One of the more adolescent traditions I love is pumpkin carving each year. Allison and I started doing so in 2008 and we’ve kept it alive since aside from when I lived in Denver. The day goes like this. We meet up, chat a bit over some cocktails, get down to carving business and have dinner together after. I make a new pumpkin themed dish each year and since Allison has now gone to wine school, she pairs the wine. Sorry to brag but our food and wine skills are on point, yo. We really should marry each other. Anyhow, it’s such a fun day and this year, Colleen and Stacy joined us.
Dinner each year has typically been a pumpkin pasta dish but I went in a different direction this time. Switching from humid Summer air to crisp Fall air always makes me want soup. Always. So, I finally dusted off the recipe I’d printed from Smitten Kitchen so many years ago and got to work.
I wish the smell of onions cooking in butter could be a perfume. I’d wear that business all day. That or bacon perfume. Think I’d attract even more guys if I wore that?
While quite the ugly duckling of photos, it’s not of flavor.
I know, that puree looks like something from the sewer.
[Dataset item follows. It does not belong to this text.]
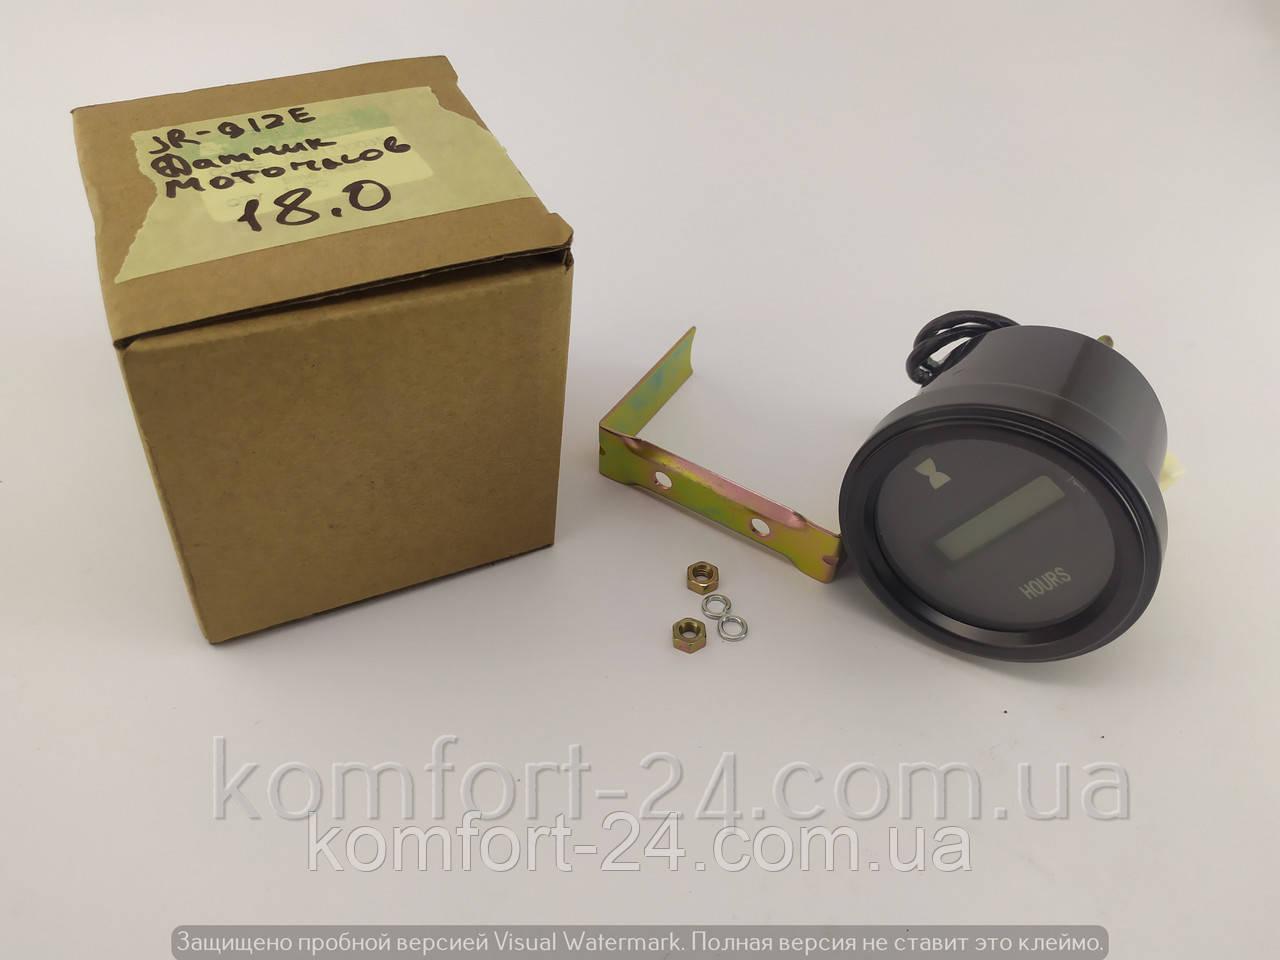 Датчик мотогодин електронний JR-Q12E Zubr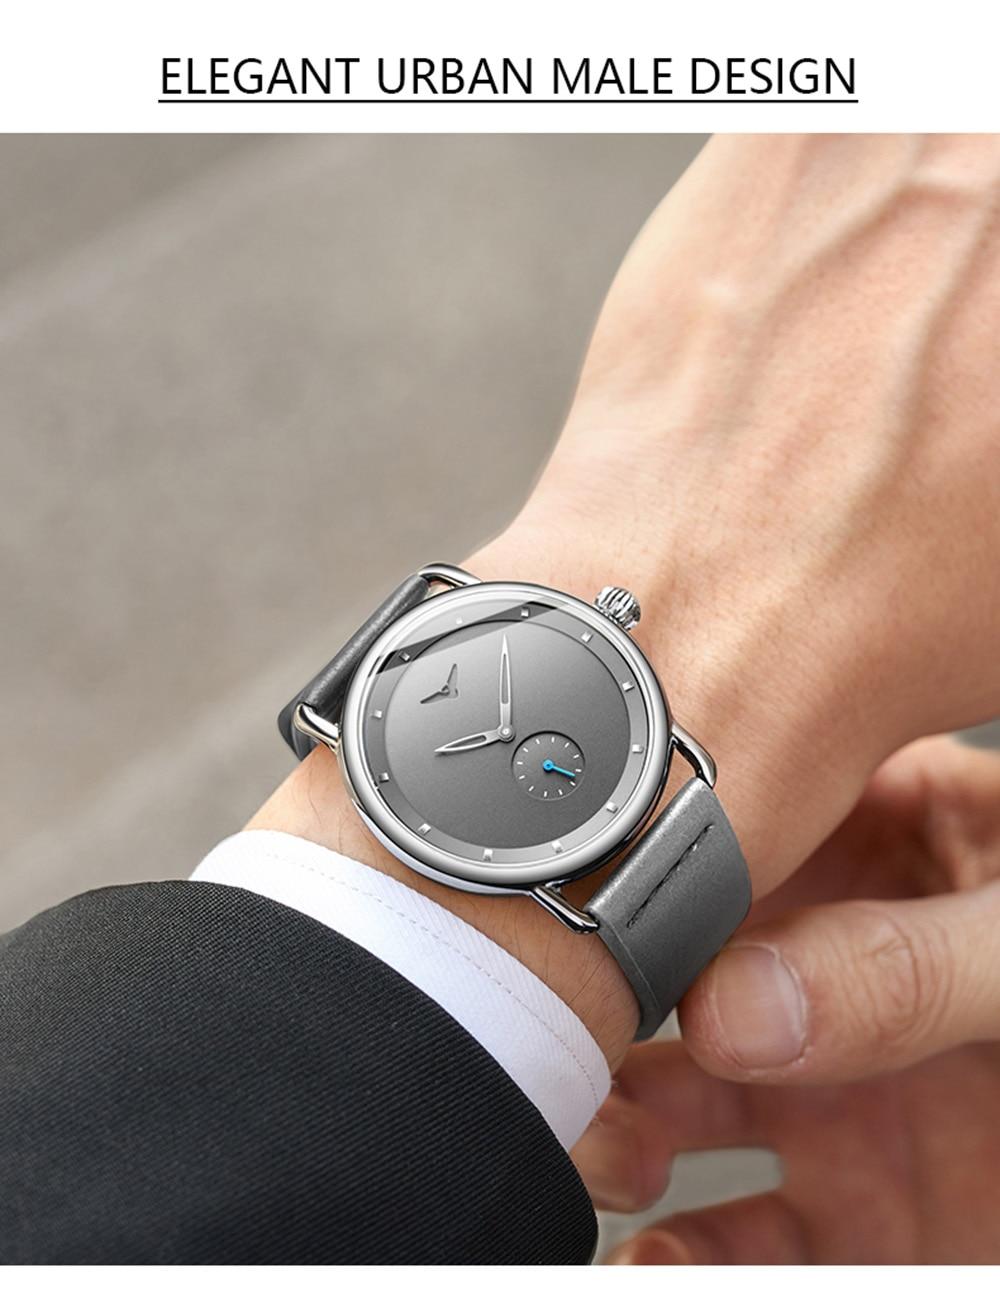 Hf7e7eff283bd41e8a55e9855ba9fb410U ONOLA top brand leather men watches clock fashion sport simple casual waterproof Wrist watch men relogio masculino

Let’s just move on.
A lot of folks commented on this recipe saying they couldn’t taste the pumpkin really so I doubled it. I still didn’t get the punch of flavor I was hoping for but if anything, this makes a killer black bean soup.
I thought the pumpkin would actually make it look much better but no, it does not.
I served this soup with a healthy dollop of sour cream, some crusty French bread and a delicious arugula salad tossed in sherry-grape vinaigrette with toasted almonds, grapes and sharp provolone shaved over the top. The salad alone could’ve stolen this pumpkin show so I’ll most likely be posting the recipe for that soon because dang, it was good.
I hope that whatever Fall traditions you share with your friends and family, they’re as cozy, memorable and special as mine. And if you don’t have any in place yet, maybe pumpkin carving is just the ticket to get that started.
Why Citizen Cope? He’s got this systematic way about his music that I totally dig. I often play Citizen Cope when I’m looking to kinda zone out a bit but not in the I’m-thinking-about-nothing way but more in the methodical get-in-a-routine kinda way. Chopping and stirring lends itself to getting in that zone so I was definitely feeling Cope while I made this soup.
Recipe barely adapted from: Smitten Kitchen
- Three 15 1/2 ounce cans black beans (about 4 1/2 cups), rinsed and drained
- 1 cup drained canned tomatoes, chopped
- 1 1/4 cups chopped onion
- 1/2 cup minced shallot
- 4 garlic cloves minced
- 1 tablespoon plus 2 teaspoons ground cumin
- 1 teaspoon salt
- 1/2 teaspoon freshly ground black pepper
- 1/2 stick unsalted butter
- 4 cups beef broth
- Two 16 ounce cans pumpkin puree
- 1/2 cup dry Sherry
- 1/2 pound cooked ham, cut into 1/8-inch dice
- 3 to 4 tablespoons sherry vinegar
- A couple of dashes of cayenne pepper
- In a food processor, coarsely puree beans and tomatoes.
- In a 6-quart heavy pot, melt the butter over medium heat and cook onion, shallot, garlic, cumin, salt and pepper, stirring until onion is softened and beginning to brown. Stir in bean puree. Stir in broth, pumpkin and sherry until combined and simmer, uncovered and stirring occasionally, for 25 minutes or until thick enough to coat the back of a spoon.
- Just before serving, add ham and vinegar and simmer soup for 10 more minutes. Taste and season with more salt and pepper as needed.
- Serve soup garnished with sour cream and toasted pumpkin seeds (if yours actually aren't burned to a crisp like mine).
- While you can buy some generic "sherry cooking wine" at the the store, I encourage you to pick up a small bottle of something inexpensive at the liquor store such as Tio Pepe. The flavor is so much better and less, I don't know, "fabricated" than the grocery store stuff. Plus, you can use it again to make my sherry mushrooms with fontina cheese that I'll be posting soon. Win!